Eagles, members of the same family as hawks and Old World vultures, are found throughout the world. The bald eagle is the only eagle unique to North America.
An average bald eagle measures 32 to 40 inches (81 to 107 centimeters) long, weighs between 6 and 16 pounds (2.7 and 7.3 kilograms), and has a wingspan up to 7.5 feet (2.3 meters). Females are generally larger than males. The color of the plumage (covering of feathers) on the body is brown.
The distinctive white head and tail feathers appear after the eagle is four to seven years old. The bird has black talons, a yellow beak, and pale eyes. Its diet is composed mainly of fish, although it will eat ducks, rodents, snakes, and anything else it can catch.
Bald eagles are solitary birds that mate for life. Once paired, a male and female eagle build a large nest in the top of a large tree near a river, lake, marsh, or other wetland area.
The birds may use and add to this nest year after year. Some older nests measure 10 feet across. Bald eagles range over great distances, but usually nest within 100 miles (161 kilometers) of where they were raised.
A female bald eagle usually lays 2 to 3 eggs once a year. She then incubates (sits on or broods) them for 35 days until they hatch. The young eagles, called eaglets, fledge (develop flying feathers) within three months and leave the nest about a month afterward.
Because of disease, bad weather, and lack of food, many eaglets do not survive their first year. Those that do survive may live 30 years or longer in the wild.
Habitat and current distribution
Bald eagles prefer to inhabit secluded forests with tall, mature trees and flowing water. Northern eagles usually migrate south during winter to open water areas where food is abundant.
The bald eagle ranges over most of the North American continent, from Alaska and Canada down to northern Mexico. Biologists (people who study living organisms) believe between 80,000 and 110,000 bald eagles currently exist.
History and conservation measures
However, this majestic bird began to disappear from the countryside as settlers carved out more and more of the American wilderness in the nineteenth and early twentieth centuries.
As their habitat shrank, so did their food supply. In addition, they were often shot by farmers and ranchers in the mistaken belief that they were pests or a threat to livestock.
By 1940, the number of bald eagles was so low that Congress passed the Bald Eagle Protection Act. This act made it illegal to kill, harass, possess (without a permit), or sell bald eagles.
Nonetheless, the eagle population continued to decline, especially after World War II (1939–45).
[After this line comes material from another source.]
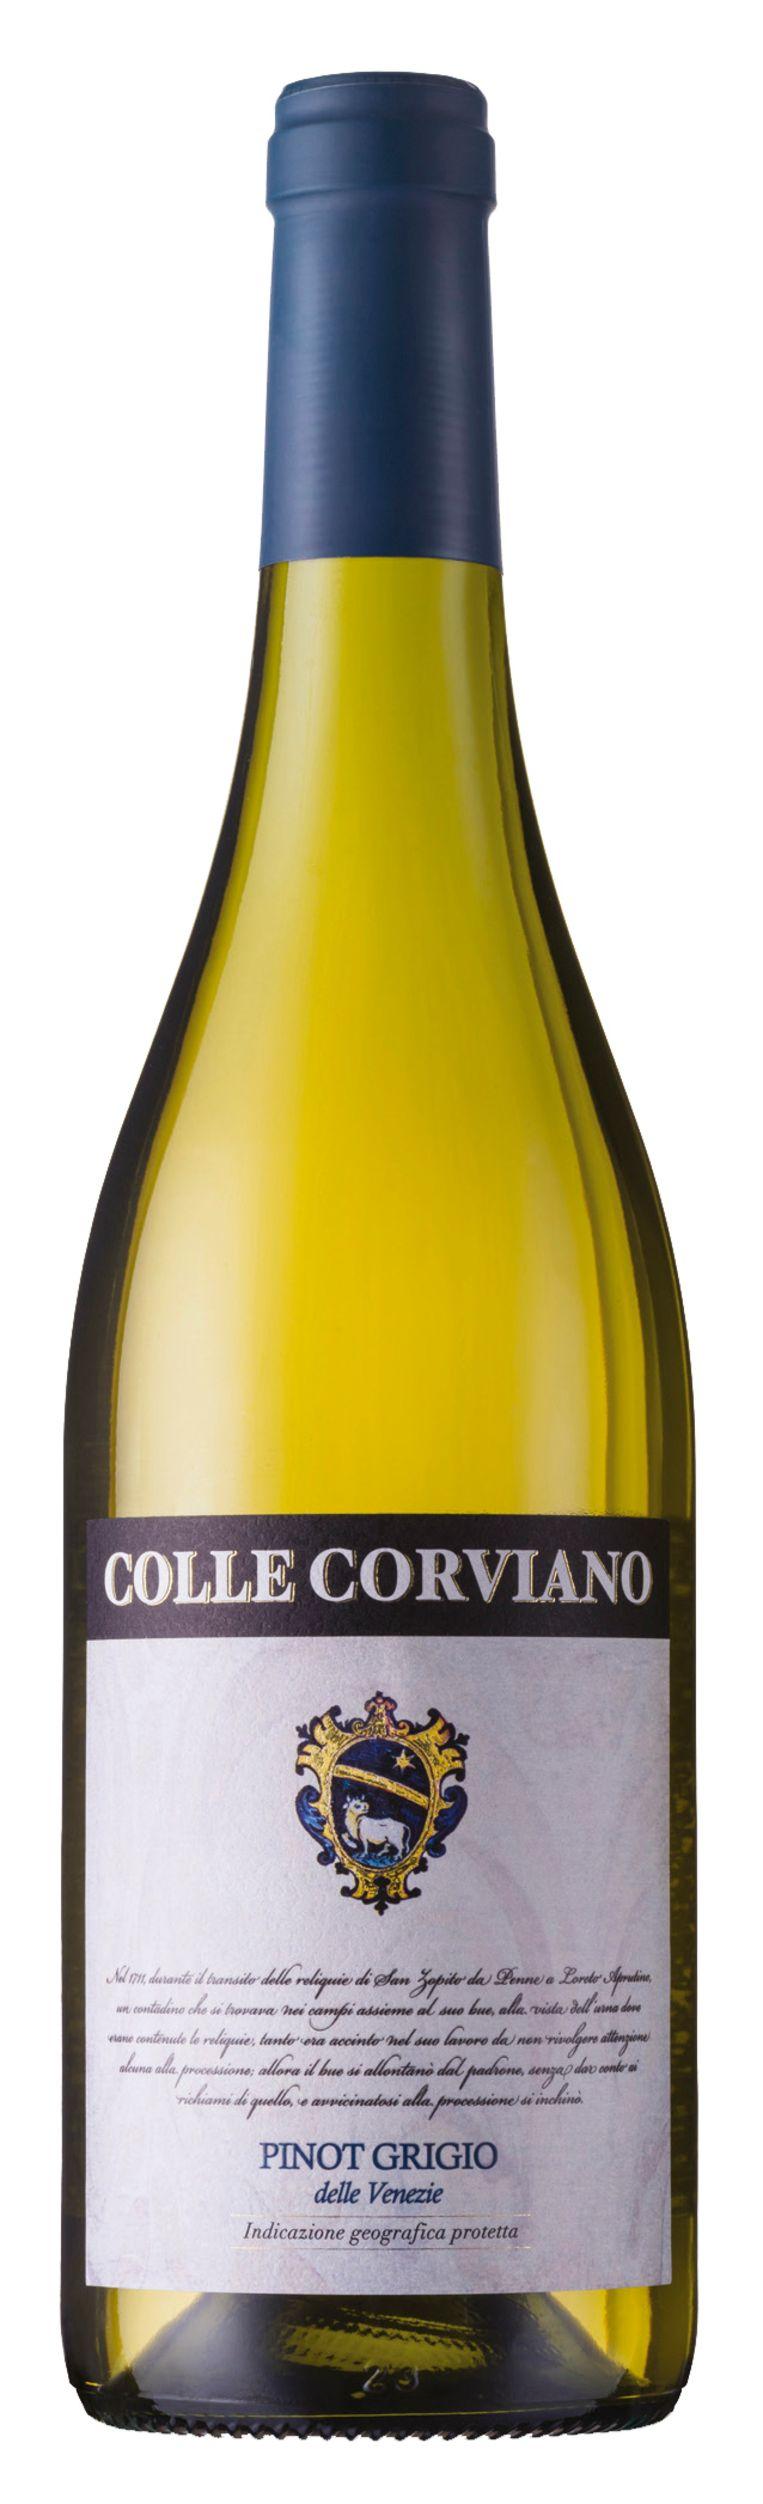 Colle Corviano 2019 Beeld

The reason was the rampant spraying of the powerful pesticide DDT (dichloro-diphenyl-trichloroethane).
Farmers, foresters, and others used DDT to kill weeds, insects, rodents, and other pests that harmed agricultural crops. However, DDT does not dissolve in water and does not break down chemically in the environment. After being sprayed on cropland, it is washed (through rain and other precipitation) into nearby streams, rivers, and lakes.
The DDT residue is absorbed by aquatic plants and small animals, which are then eaten by fish. In turn, the fish are consumed by bald eagles. At each step higher in the food chain, the DDT residue becomes more concentrated in the fatty tissues of the contaminated animals.
Contaminated bald eagles (and other birds) began laying eggs that had weak shells. The eggs often broke during incubation or did not hatch at all, and the eagle population quickly fell. By the early 1960s, only about 400 pairs of nesting bald eagles existed in the lower 48 states. In some areas, they had disappeared completely.
In 1962, marine biologist and writer Rachel Carson published Silent Spring. The book documented the dangers of pesticides, particularly that of DDT. In large part because of this famous book, DDT was banned for most uses in the United States in 1972.
This ban, coupled with efforts to protect bald eagle habitat, brought the bird back from certain extinction. By 1981, the nesting population in the lower 48 states had doubled.
In July 1995, the U.S. Fish and Wildlife Service officially down-listed the bald eagle on the Endangered Species List from endangered to threatened throughout the nation. On July 6, 1999, the agency officially proposed to delist the bald eagle—that is, to remove it from the endangered species list.
Habitat destruction and illegal hunting still threaten the bald eagle, primarily in the southern part of its range. Most wildlife experts agree, though, that the bald eagle’s recovery is encouraging.